## Dataset section
"""

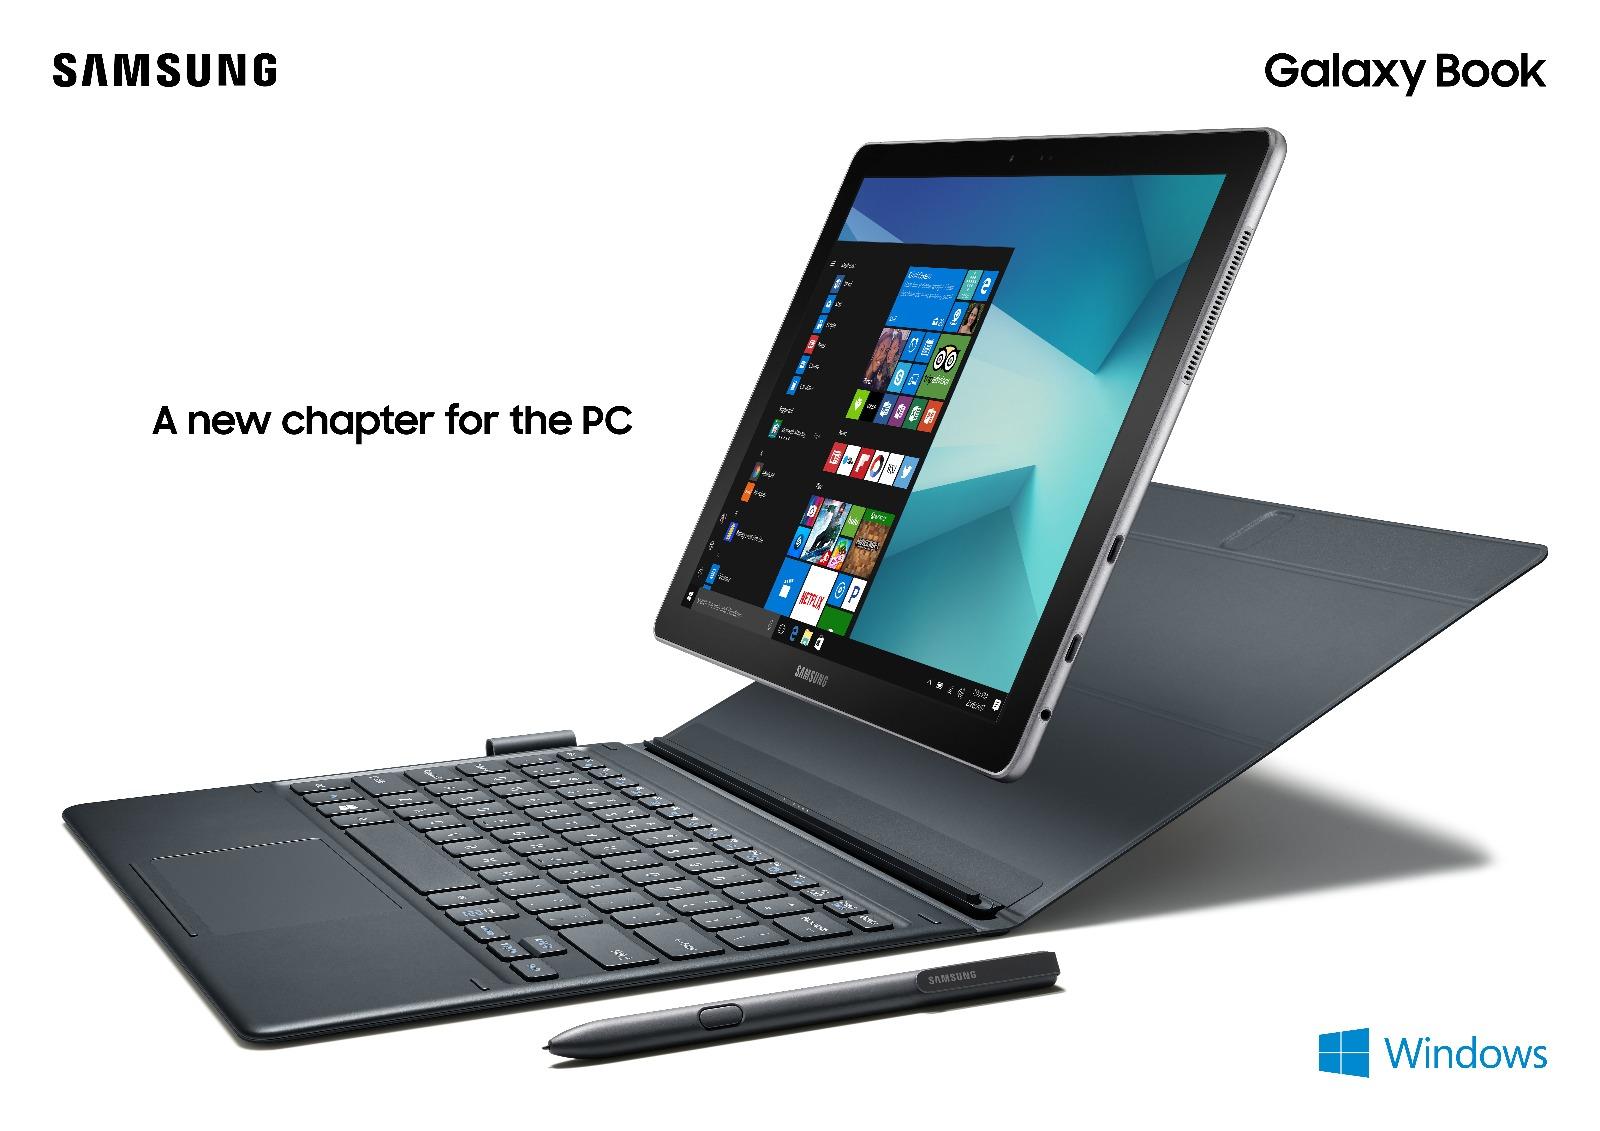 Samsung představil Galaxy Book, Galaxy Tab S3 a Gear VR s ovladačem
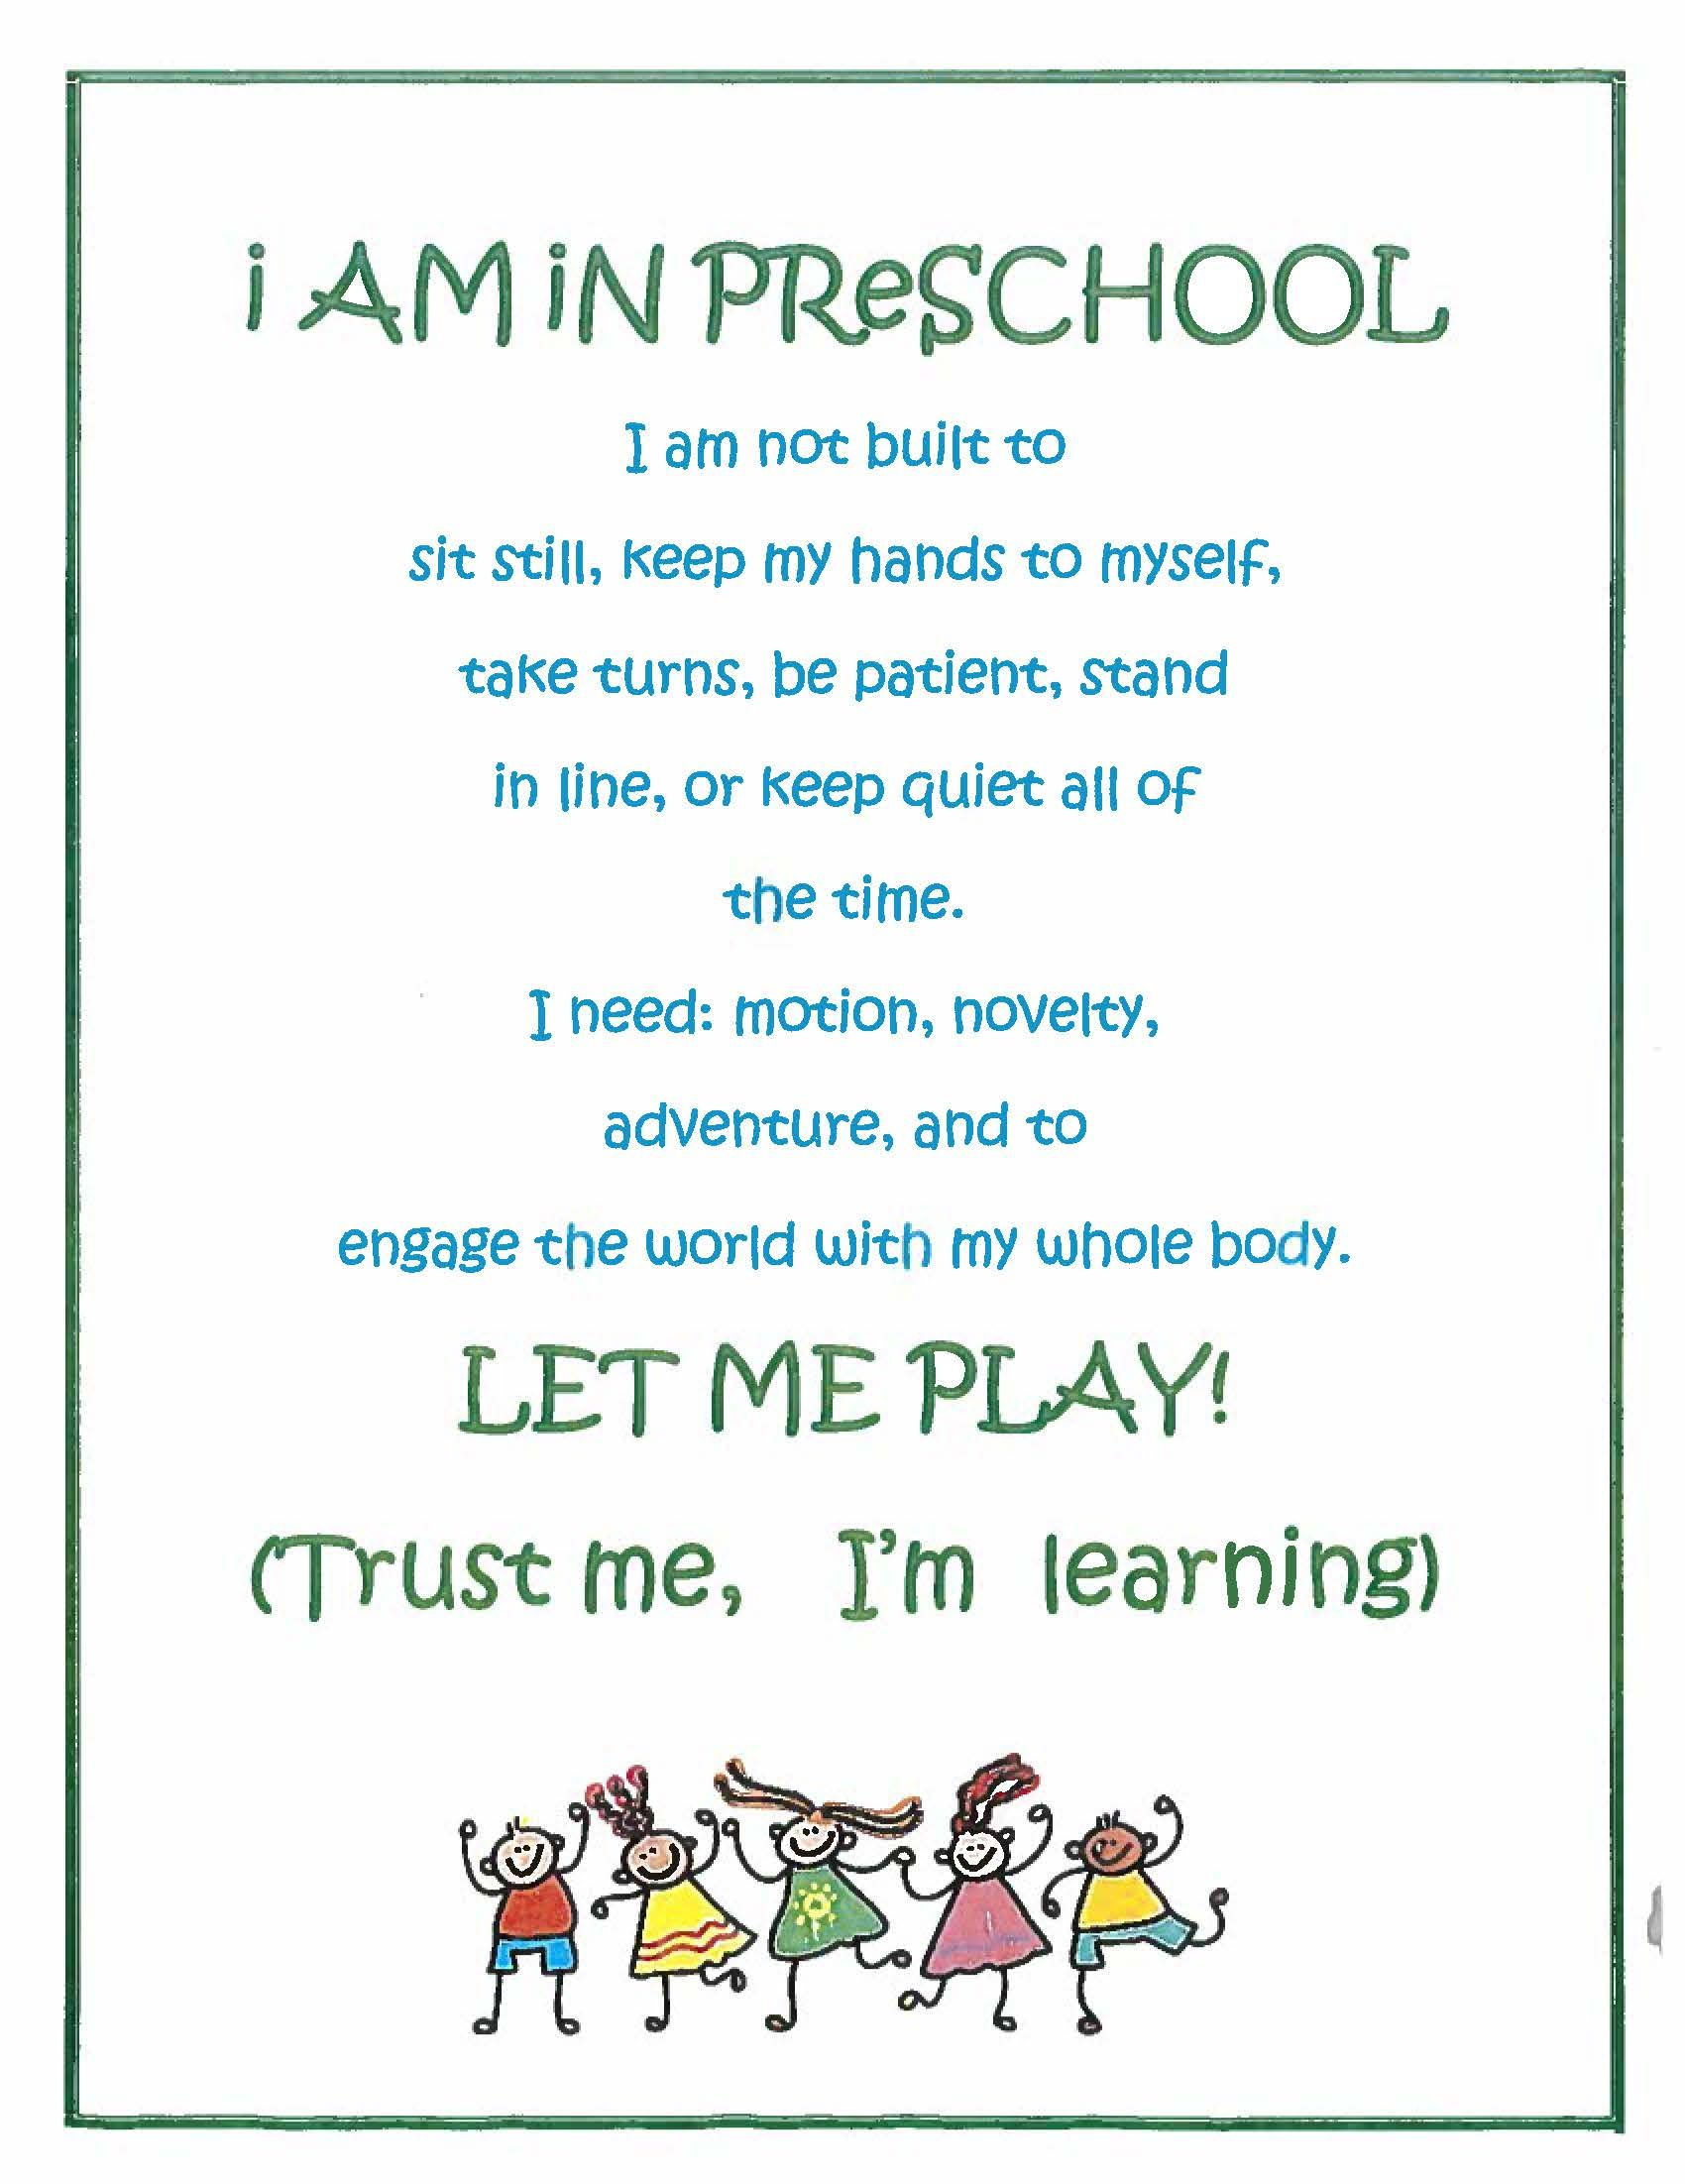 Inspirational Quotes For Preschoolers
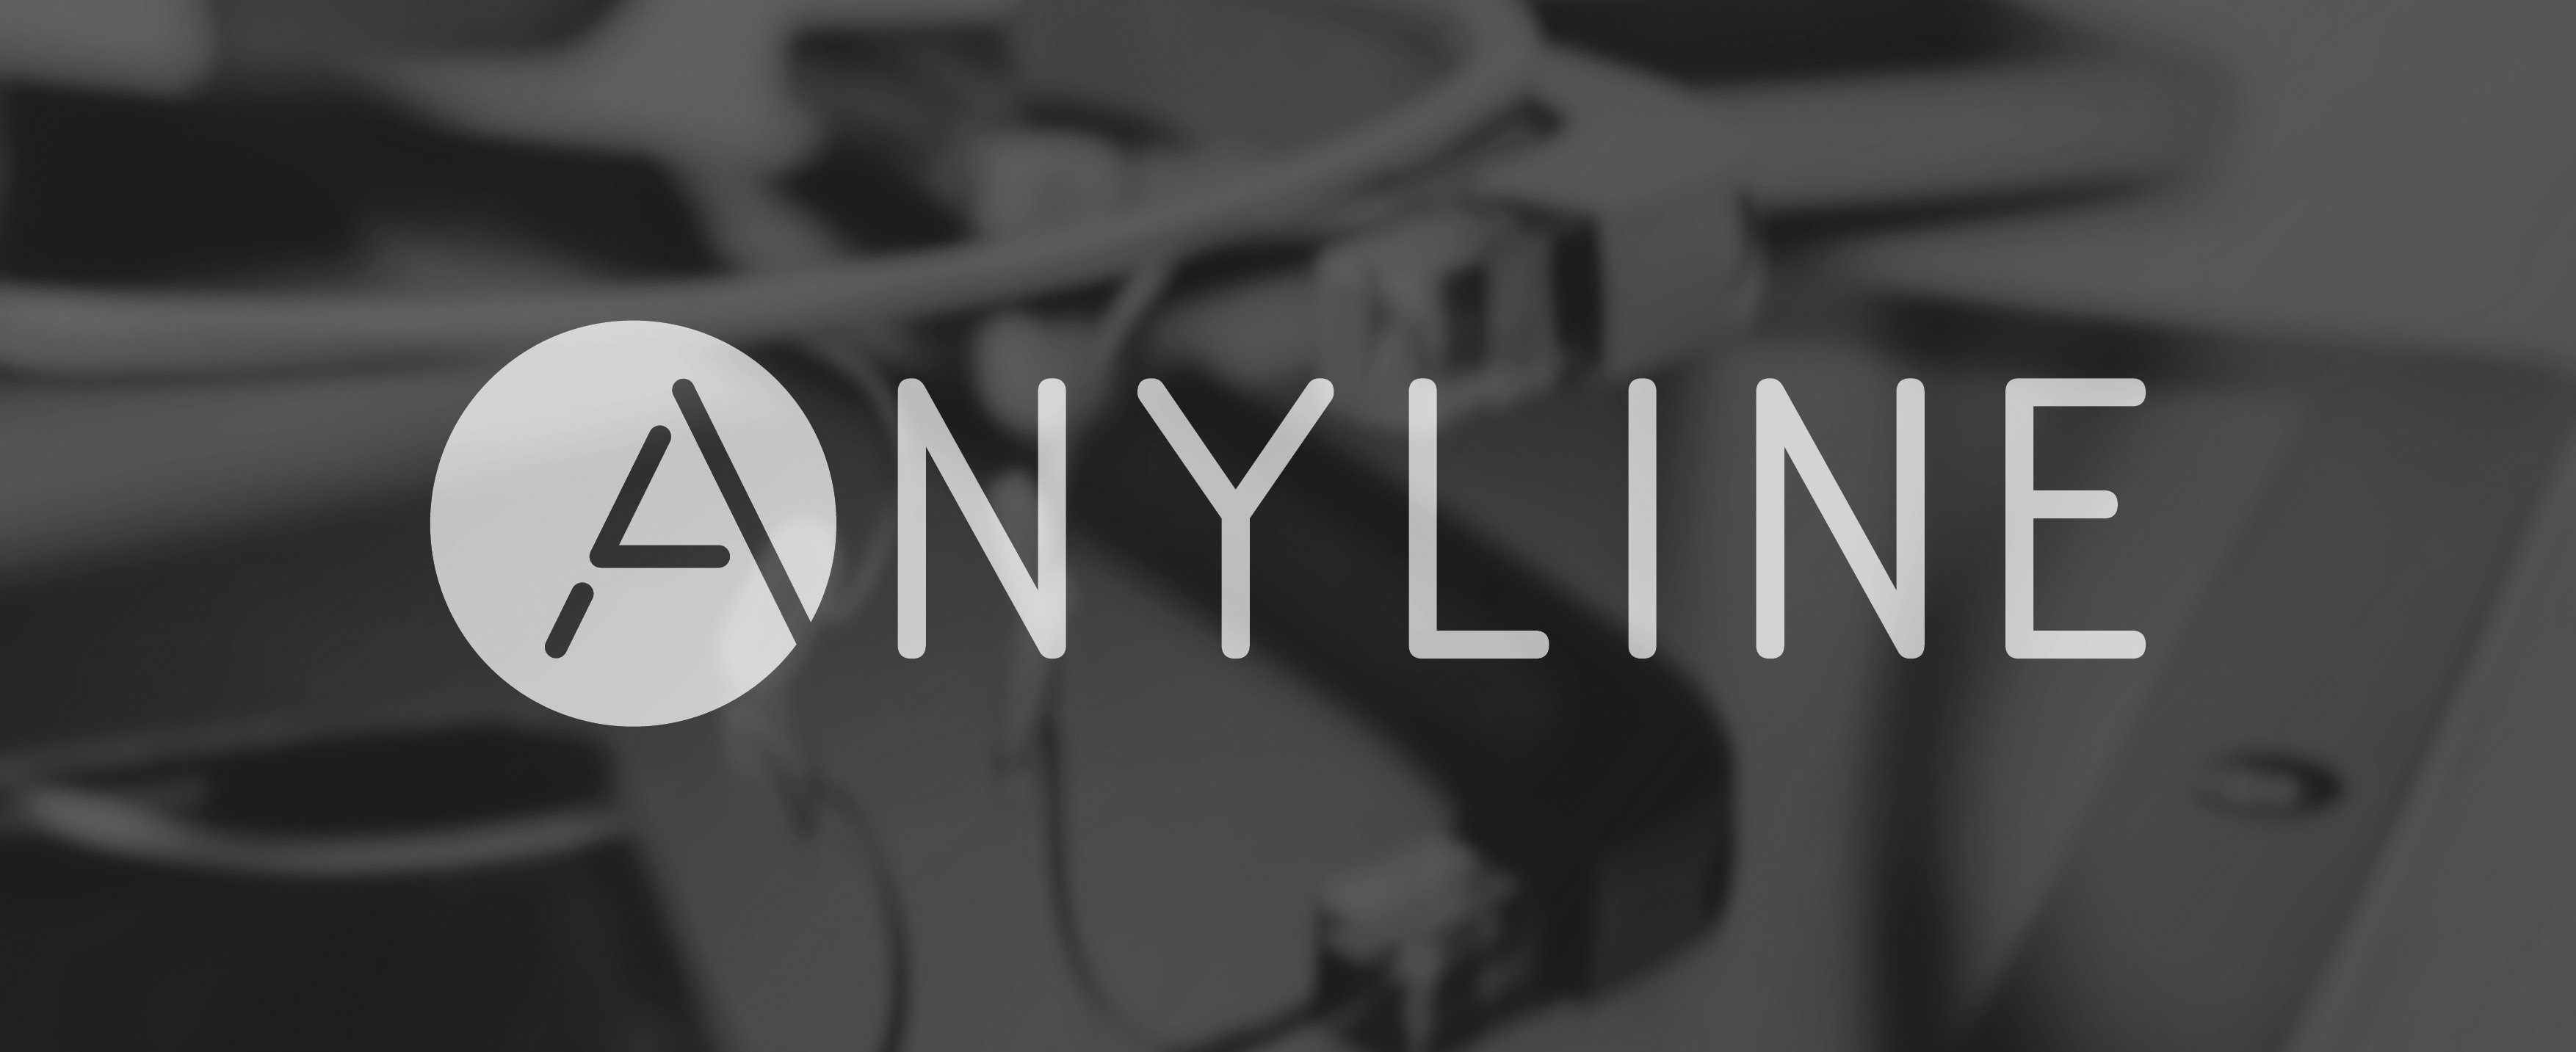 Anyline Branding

"""

## The task
Output the data above without changes, apart from leaving out the pictures.

## Response area
 Samsung představil Galaxy Book, Galaxy Tab S3 a Gear VR s ovladačem
 Inspirational Quotes For Preschoolers
 Anyline Branding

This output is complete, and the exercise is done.